I just became a dad. Again. 2x dad over here. From everything I’d heard, two kids is way harder than one. Not two times as hard either. 100x. Yowza. That hasn’t really been the case yet. Our little girl is only two weeks old though so she’s just getting started. I'm nervous about balancing everything because I'm an all-in kind of guy who sucks when it comes to time management, so balancing my two kids - Sublime and BAT - on top of two actual kids is gonna be...interesting.
But I'm not that worried about it. This is the first job I've had where I have felt like I can fully be myself. With past jobs, I felt like I had two families that couldn't know about each other - my make money job and my creative pursuits. With Sublime, I was hired because of my creative pursuits. That's so cool it blows my mind.
Stay tuned for more details on our vision for the newsletter in the weeks to come.
For now, and I can’t stress this enough, please make sure your hips do not lie at any point that’s our one rule.
Say hi?
I would love to meet you here in the comments. If you’ve got a minute, please reply and say hello. Here are a few questions you can answer if you’d like:
Who you are and what you’re into these days?

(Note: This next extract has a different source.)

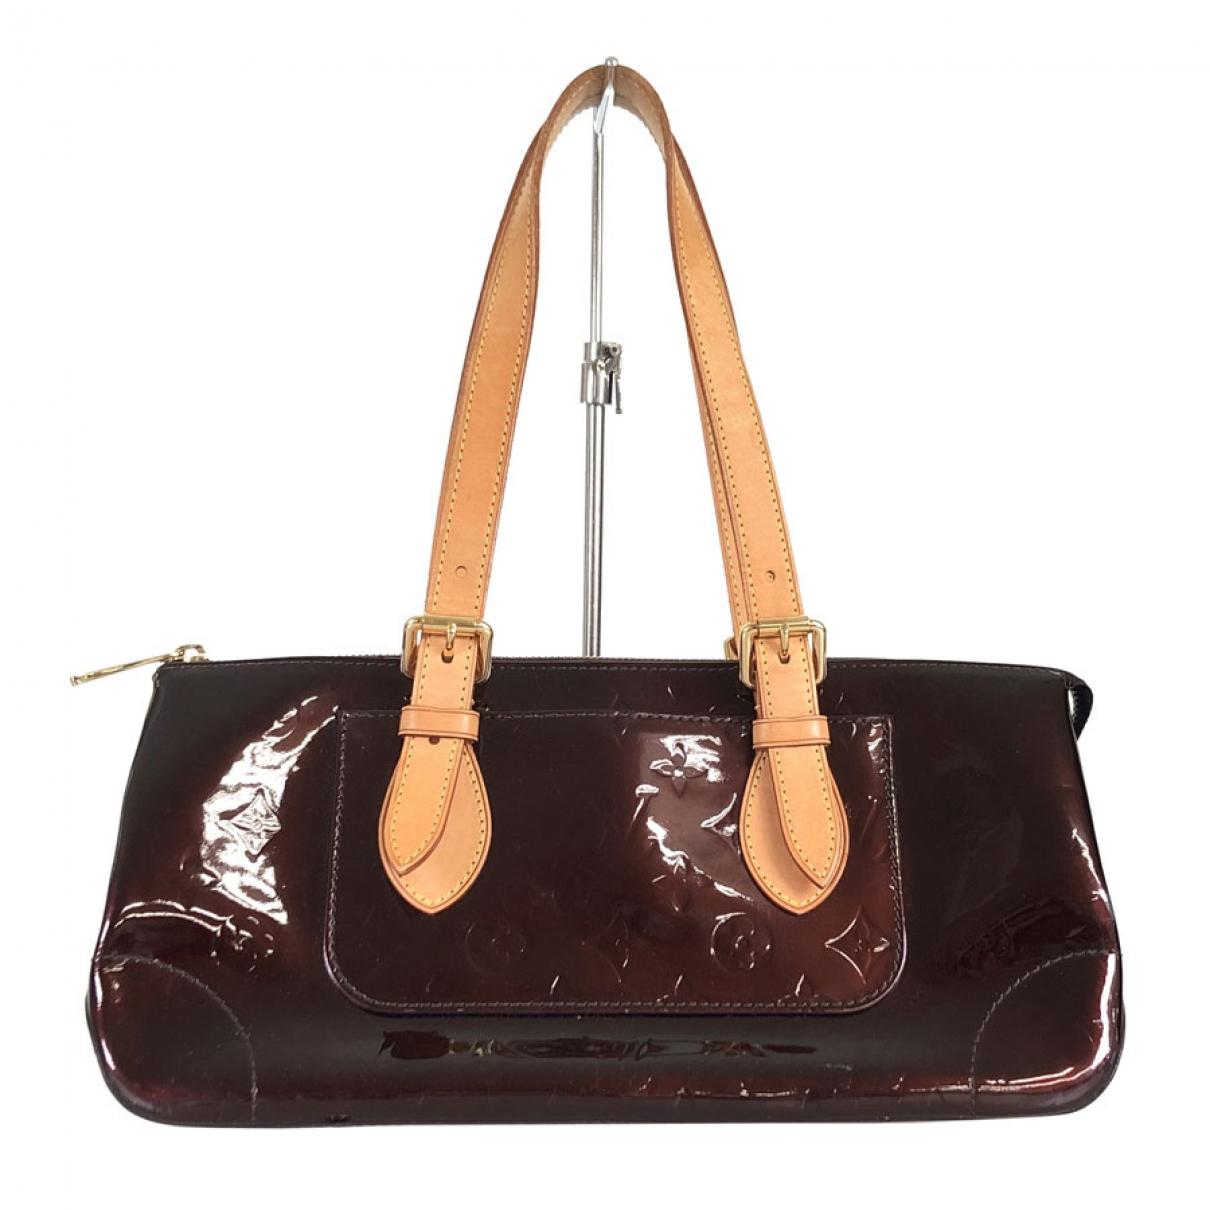 Louis Vuitton Rosewood Purple Patent leather handbag for Women \N

What you most dig about this newsletter already?
Any questions you have for me or Sari or the Sublime team?
Do you think I should have attended the hips don’t lie party?
Wow! Welcome!
I met Sari as a sales rep in the very first days of Startupy, she bought the software and won’t remember the exchange but I do and I’ve been a happy reader and better thinker since then.
Of course you should have gone to the party - we live and learn.
I am an internet community lurker - this is the first time I’ve felt compelled to comment or engage. Ok I’ve felt compelled but never follow through. I am floored by this? Thank you? Why don’t I ever comment? Interesting conversation to have with myself.
Musing that the reason I wanted to comment is because I am thrilled for you and feel like I know you already, in great part because you are very tbh in how you write.
Have an absolute ball with this - I am excited to be apart of it.